這時候,門吱呀一聲被悄悄打開了,原來是舍長回來了。

“舍長,你被525宿舍開除了!”頹頹說道。

“晚歸被開除第80回了!”狒狒補充道。

舍長依舊嘿嘿一笑溜回了自己的鋪位。

這時,何希手機振動了一聲,打開一看,是舍長發來的消息:“希哥,今天這麽晚還沒睡嗎?”

何希擡起頭來,與舍長相視一笑。

都說人與人之間最遙遠的距離莫過於面對面玩著各自的手機,可是這一刻,何希發現,兩個人抱著手機面對面的發消息,這種無聲的對話,好像擁有了一種神奇的排他性,反而讓兩顆心離得更近了,一股暖流瞬間湧上心田。文字,真是沈默者最好的夥伴。

“馬上就睡了。”何希回覆道:“剛剛我還在問頹頹和狒狒,用什麽來紀念自己的高考,她們說,打好當下每一場游戲。你呢?”

“我決定睡好當下每一場覺。明天我要睡一整天作為高考二周年的紀念!”

“哈哈。我當年也是考完試昏睡了三天呢。”

“希哥,明天你幹啥?”

“去自習室吧。”

“不愧是希哥。我覺得高考後,沒有老師管我,我就再也打不起學習的勁頭了。”

“沒關系,你會有你自己的路。高考前我們都一樣,高考後我們就都不一樣了。”

“醬紫麽?”

“睡啦,明天聊。你也早點休息吧。”

“呃。。。好。我可能又要通宵。忍不住地玩手機刷微博看抖音逛淘寶啊。”

“關機吧。早點休息明天才有精力啊。”

“臣妾做不到啊。”

“想想,熬夜讓你的頭發漸漸消失……”

“啊啊啊,希哥,誰來拯救我?”

“晚安!再見!”

“晚安嗚嗚嗚”

何希擡起頭來,和舍長相視一笑,蓋上被子,願自己一夜好夢。

剛入夢鄉,一陣急促的敲門聲把何希猛的拉回現實來,緊接著傳來了宿舍門外的輕喊聲“何希!何希!”驚得她一骨碌爬起來。宿舍裏三個夜貓子也警覺起來,攔著何希不讓她開門。

宿舍門的玻璃窗被報紙糊住了,只略微透著走廊裏聲控燈忽明忽暗的昏黃燈光。

“沒事的。”何希安慰道,又隔著門問道:“誰啊。”

“是我呀!馮桃!”這聲何希聽的清楚,是馮桃那充滿磁性、柔中帶剛的聲音,這聲音急切又焦躁。

“沒事,是我一個研友,可能有急事。”何希轉身向三個舍友解釋道。

打開門,何希看到馮桃素面朝天的臉在昏黃的聲控燈光下的憔悴,“大半夜的,有急事嗎?”

“能借我點零錢嗎?我回頭支付寶轉你。”

“可以啊。你急用?”

“馬上找給我好嗎?我現在就打車去火車站,去找忠哥。我身上沒有現金了,需要一些零錢備用,坐公交和地鐵。”
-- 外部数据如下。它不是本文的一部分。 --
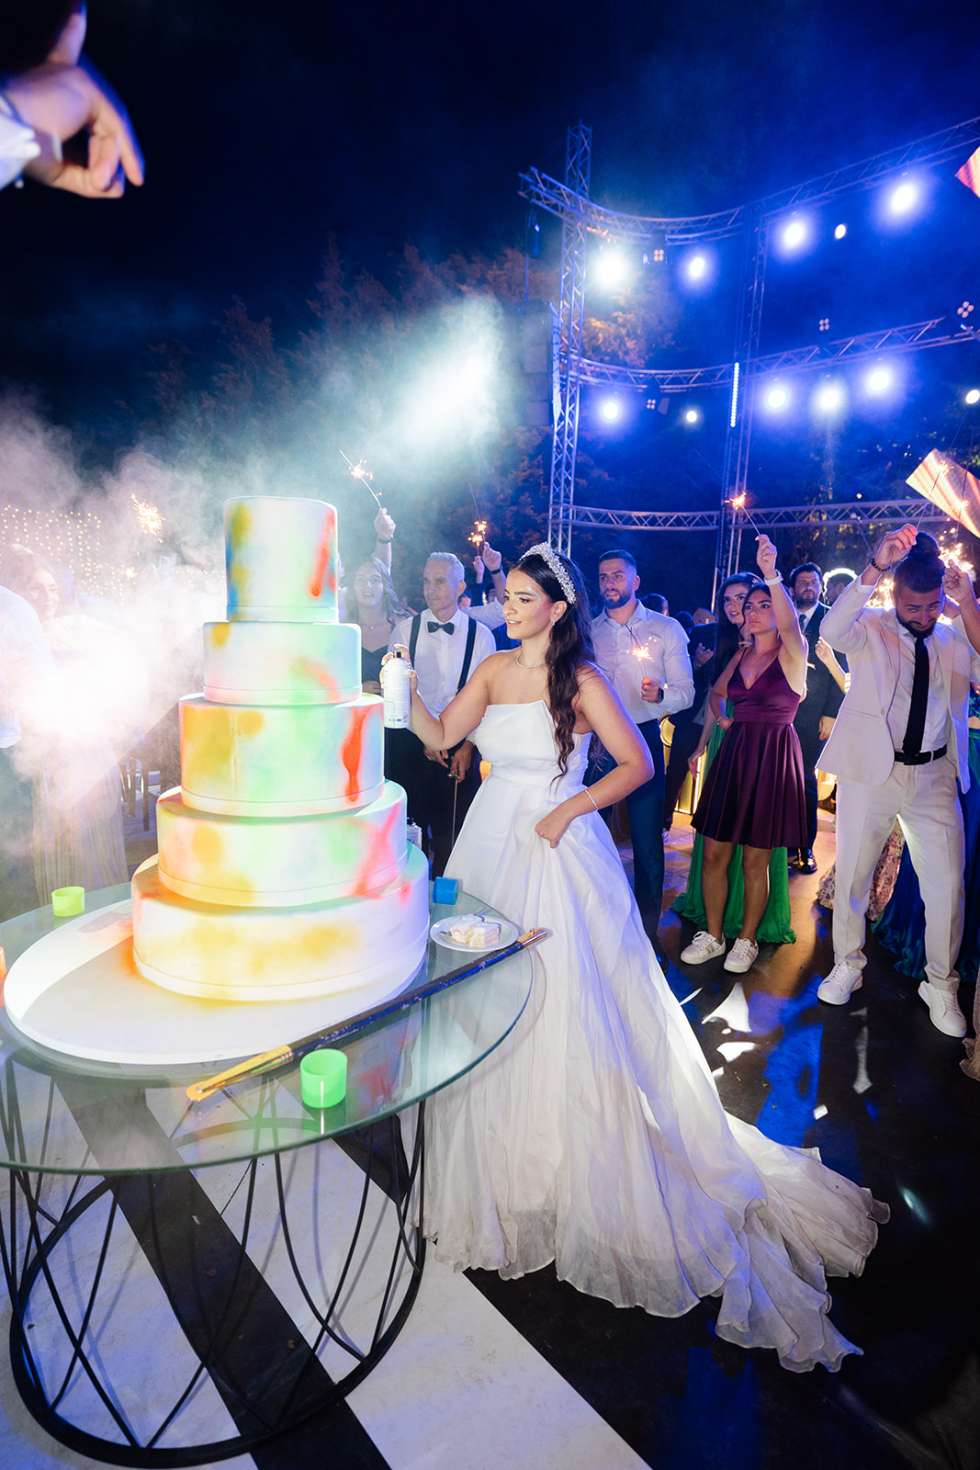 حفل زفاف رومانسي في لبنان

“白天走不行嗎?這麽晚了還出去?哦不對啊,這幾天高考,學校不準離校的啊!”

“等不了這麽久了,有些事情必須當面說清楚!”

“可是這大半夜的,你一個女生……”

“沒問題,又不是第一次坐夜車了。”

“可是……”

“沒人能攔得住我!”

“好吧,我給你拿。”何希轉身回去翻起書包夾層來,把夾層裏一塊、五塊、十塊的零錢都遞給她,又塞給她一個充電寶。

“如果是我,絕不會這麽沖動。”何希說。

“可是我不是你。”馮桃說:“不用擔心我。”說完,大步離開了,拽著地上一串細長的影子。

時間是個相對的。接下來的兩天裏,於何希,是以書頁和題量計量的平凡日子;於眾星捧月的考生,是緊張煎熬的特殊日子;那對於匆匆出走的馮桃呢?除了每個人自己,怕是沒有人能夠記錄自己的時間流逝速度吧?

轉眼間大三下學期的最後一門科目的學業考試來了,這一次成績是決定推免研究生綜合成績的最後一個籌碼。何希坐在座號對應的位置上,看著大家一個個戀戀不舍地走到講臺扔下書包、書本、課件、筆記,有些人好像突然忘了什麽似的又跑回講臺,翻包掀書再看兩眼,有些人推左搖右、瞻前顧後地做些小動作,有些人低頭看看桌洞又看看手掌。

這是全學院的公共課,何希環顧了整間大教室,久違的同學都來齊了,卻也沒有看到馮桃的身影,昨晚她給馮桃發的消息和今早給她打的電話都如石沈大海。

今天宋老師沒來監考,來的是幾個研究生師哥。

“馮桃來了嗎?”過道裏一個師哥點了點簽到表,只有馮桃的名字那裏空著。

“馮桃!”師哥又念了一遍,“沒有人聯系她嗎?”

“不管了,時間到了,發卷!”靠講臺的師哥轉身去拿卷子。